▶ [To do] Skip all pictures. Set down only the lines starting at the line containing "Sleep Under the" and running to the end of the listing.

▶ [Exercise data]
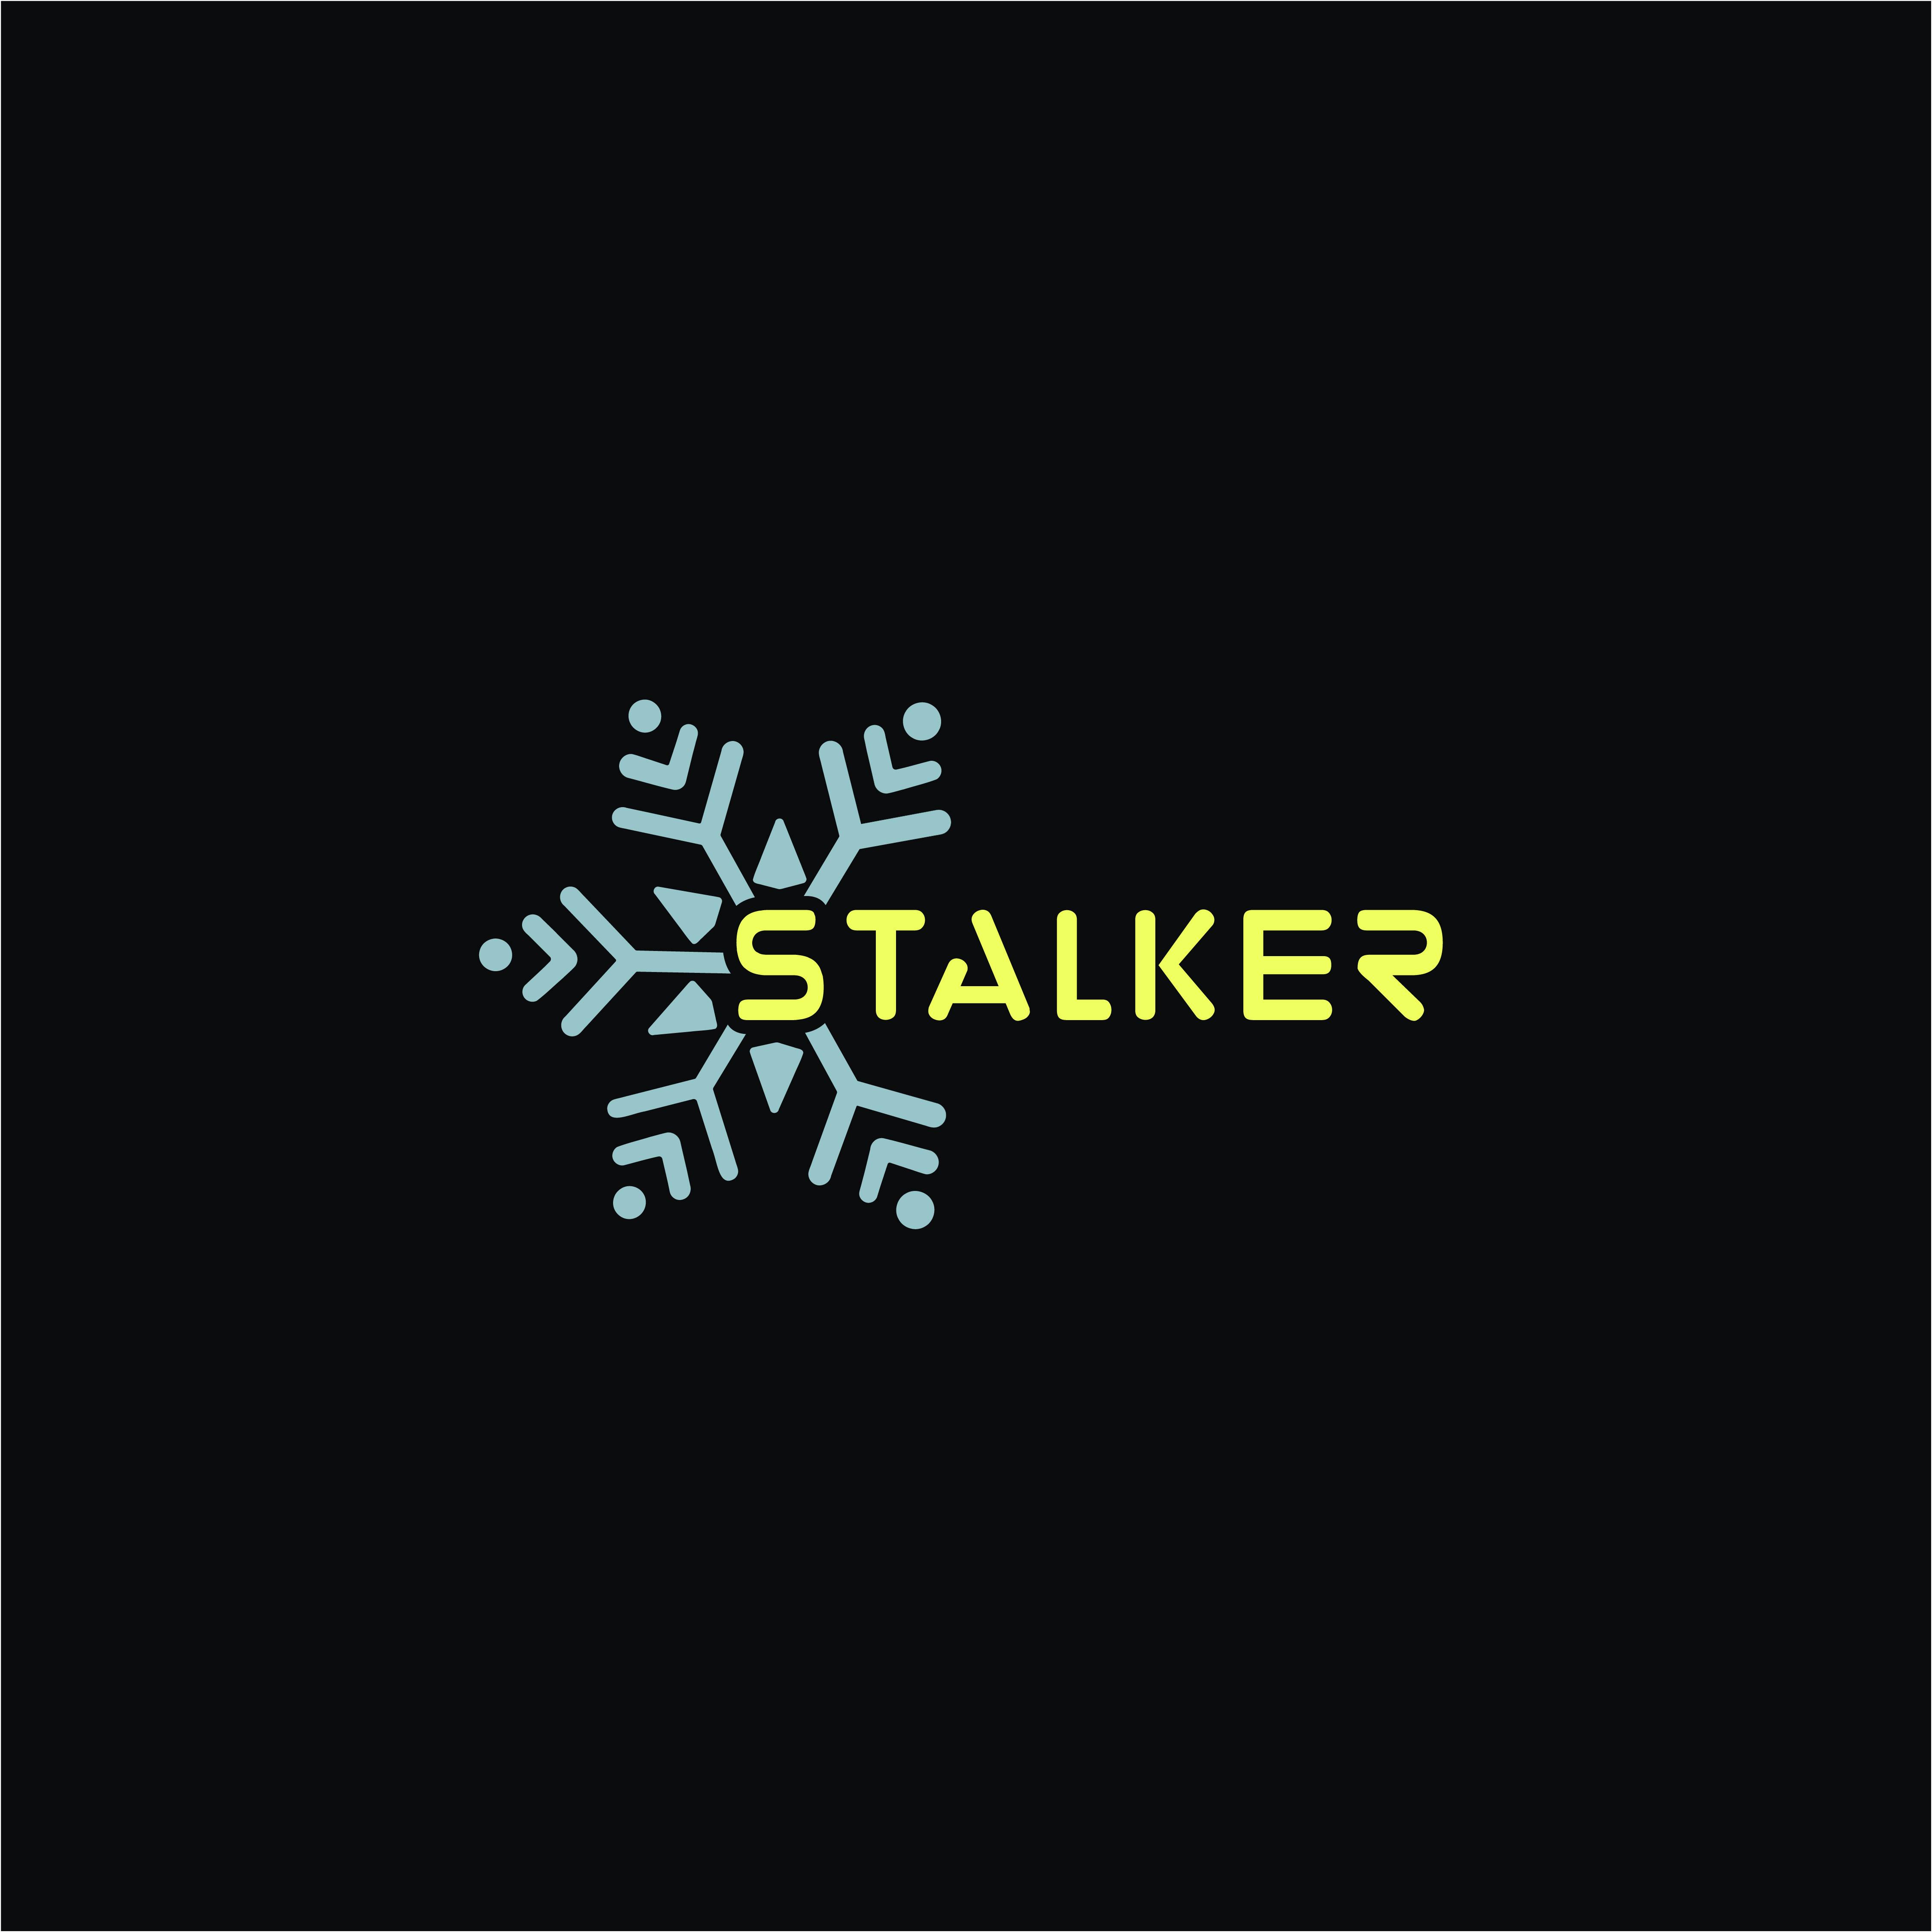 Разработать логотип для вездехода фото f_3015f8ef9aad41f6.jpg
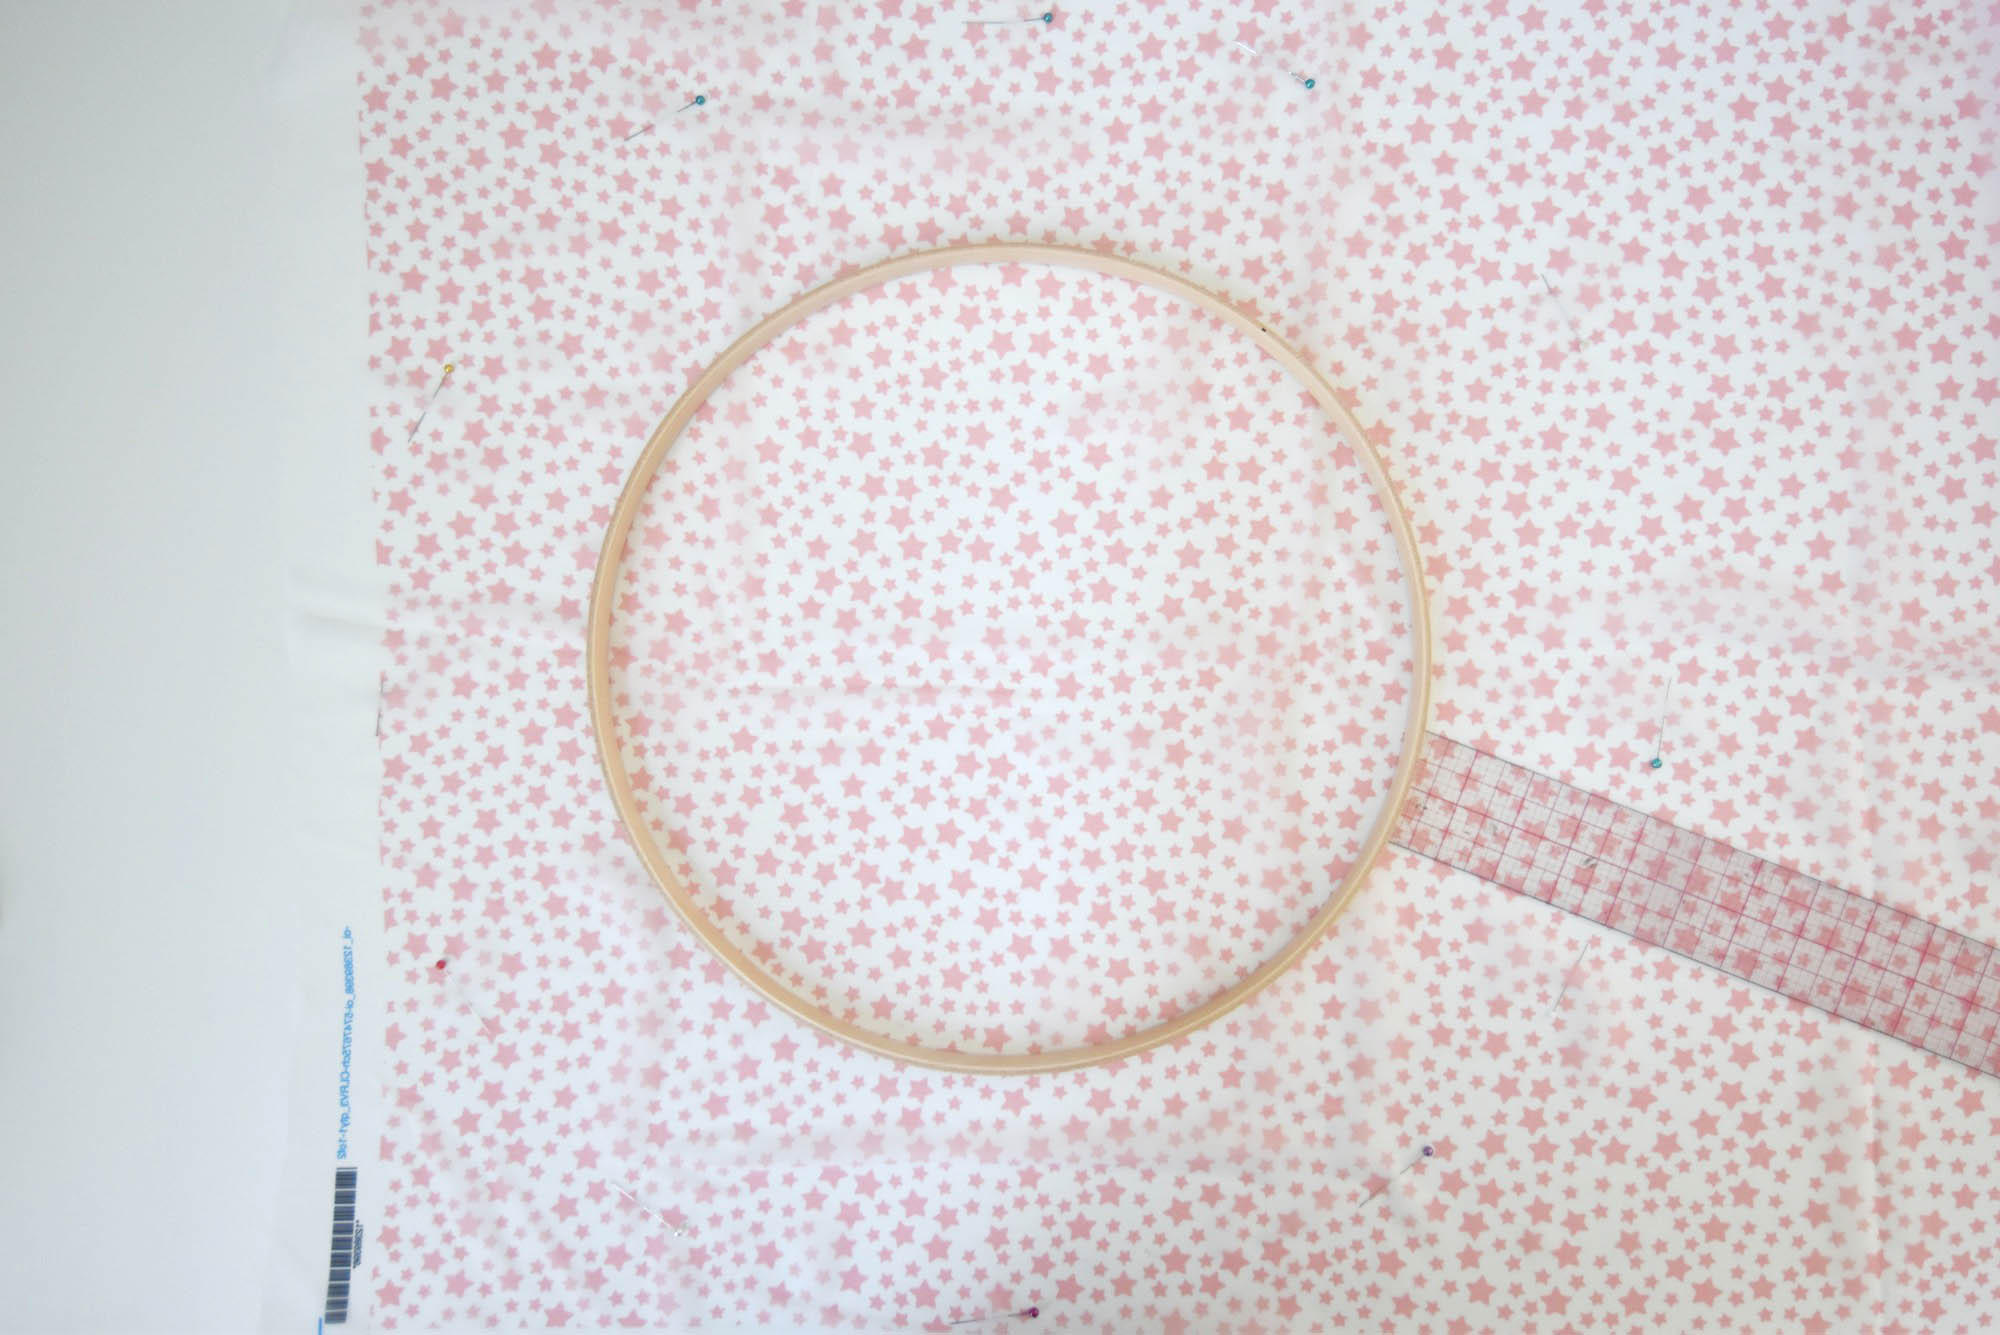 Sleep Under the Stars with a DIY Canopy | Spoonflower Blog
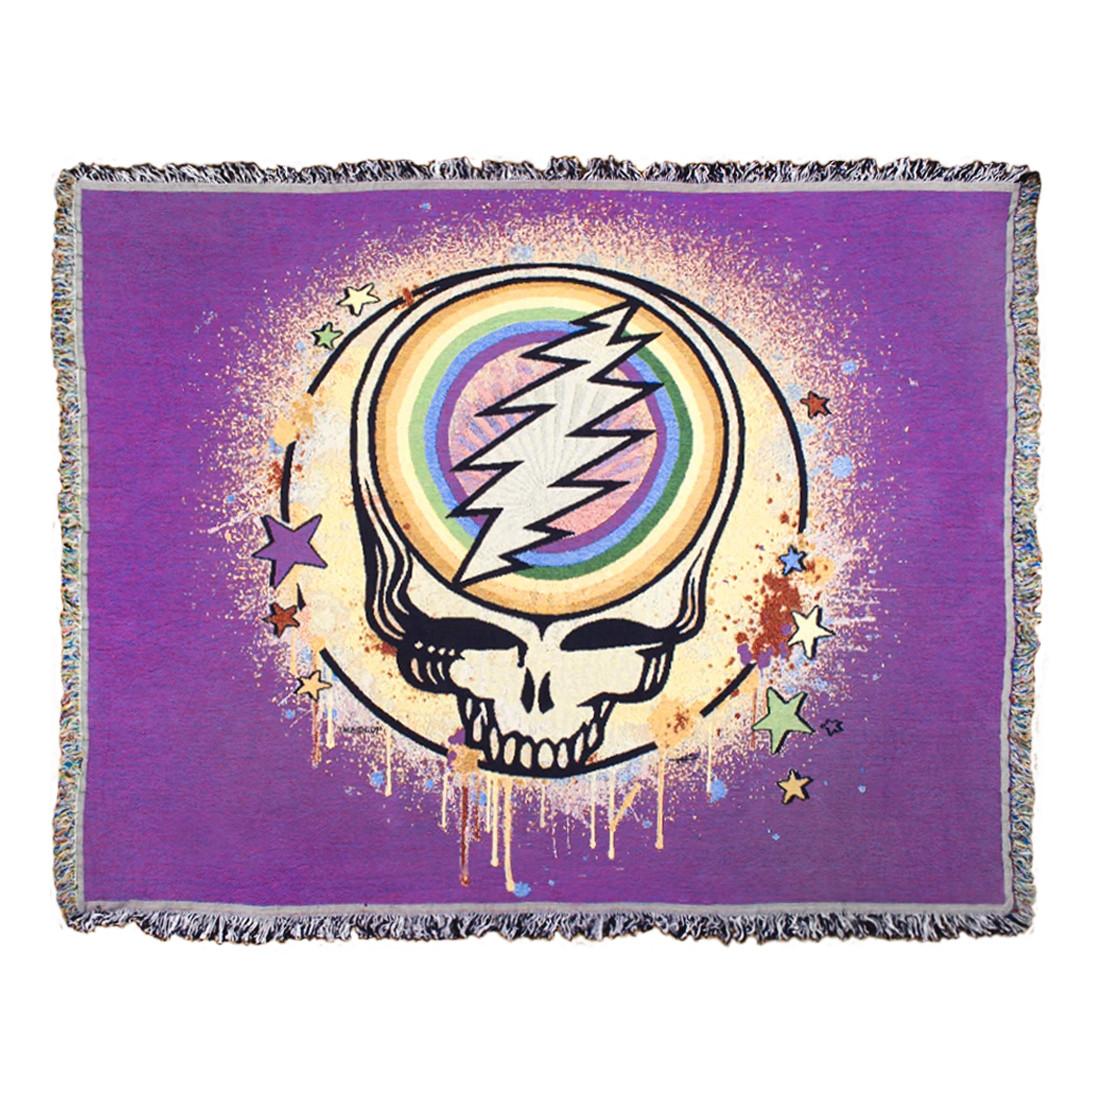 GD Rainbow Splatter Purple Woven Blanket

▶ [Result for this exercise]
 Sleep Under the Stars with a DIY Canopy | Spoonflower Blog
 GD Rainbow Splatter Purple Woven Blanket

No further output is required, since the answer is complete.